Blanche’s announcement also drew attention for how it echoes Trump’s longer-running claims about the Justice Department under the Biden administration. The AP report noted that the fund’s rationale centers on the idea that prosecutors and investigators previously targeted Trump and his allies, while Democrats argued the Justice Department faced similar claims during Biden’s term. The fund’s framing did not address, in the Justice Department announcement, how investigations and prosecutions of Trump’s political opponents under his watch have raised similar allegations of politicized enforcement.
The announcement came after Trump and his family, along with the Trump Organization, agreed to drop their lawsuit against the IRS and Treasury Department.

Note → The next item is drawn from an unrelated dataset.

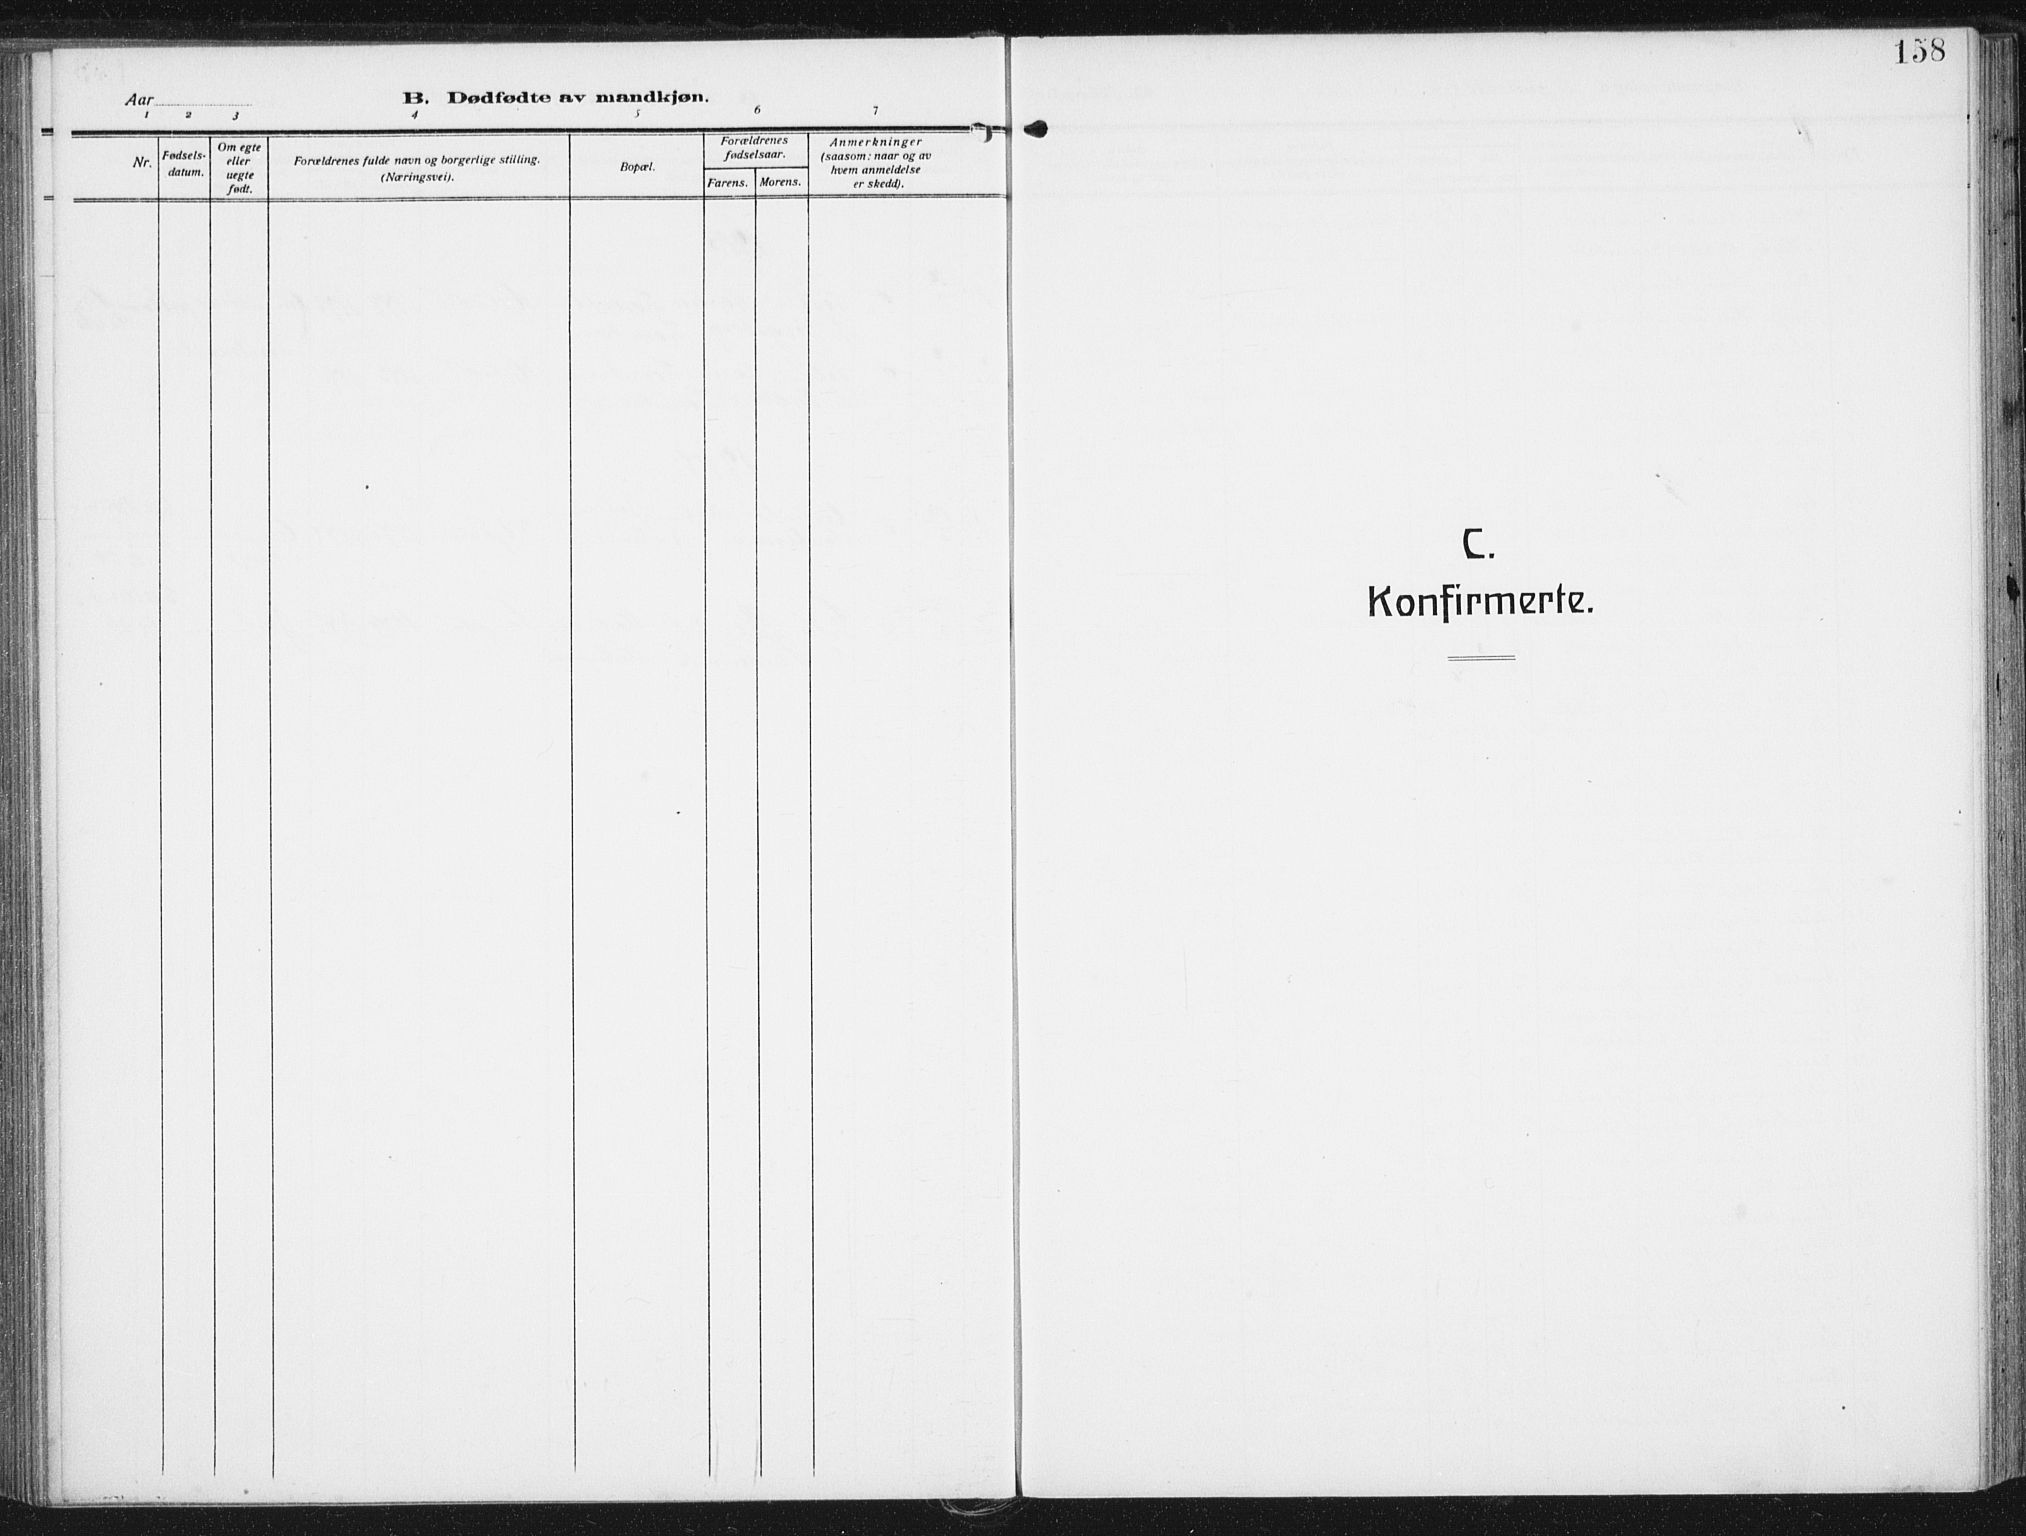 SAT, Ministerialprotokoller, klokkerbøker og fødselsregistre - Nordland, 880/L1135: Ministerialbok nr. 880A09, 1908-1919, s. 158

Their $10 billion suit alleged that a leak of confidential tax records caused reputational and financial harm and negatively affected their public standing. The Justice Department said that deal helped resolve that litigation and enabled the creation of the fund.
Asked Monday about whether individuals who committed violence in connection with the Jan. 6, 2021, attack should receive compensation through the fund, Trump said, “It’ll all be dependent on a committee.” He added: “I didn’t do this deal. It was told to me yesterday.” The AP report said prosecutors charged about 1,500 people in connection with the riot and that Trump, on his first day in office of his second term, pardoned or commuted prison sentences or dismissed cases for those defendants.
In a separate critique, the AP report said critics pointed to the possibility that the fund could benefit allies who were investigated and charged during the Biden administration, including Steve Bannon and Peter Navarro, both of whom have denied wrongdoing. Democrats and ethics watchdogs also argued that the administration’s ability to direct money without explicit congressional approval increases the risk that eligibility decisions could favor political allies.
A group of nearly 100 members of Congress filed a brief aimed at setting up a legal challenge, according to the AP report. Rep. Jamie Raskin, the top Democrat on the House Judiciary Committee, called the case “nothing but a racket” and said it was designed “to take $1.7 billion of taxpayer dollars out of the Treasury and pour it into a huge slush fund for Trump at DOJ to hand out to his private militia of insurrectionists, rioters, and white supremacists.” The AP report also said Sen. Elizabeth Warren, D-Mass., called the fund “corruption on steroids” and that she and other Democratic lawmakers introduced legislation last month that would ban the sitting president and vice president from collecting settlement payments from the U.S., among other provisions.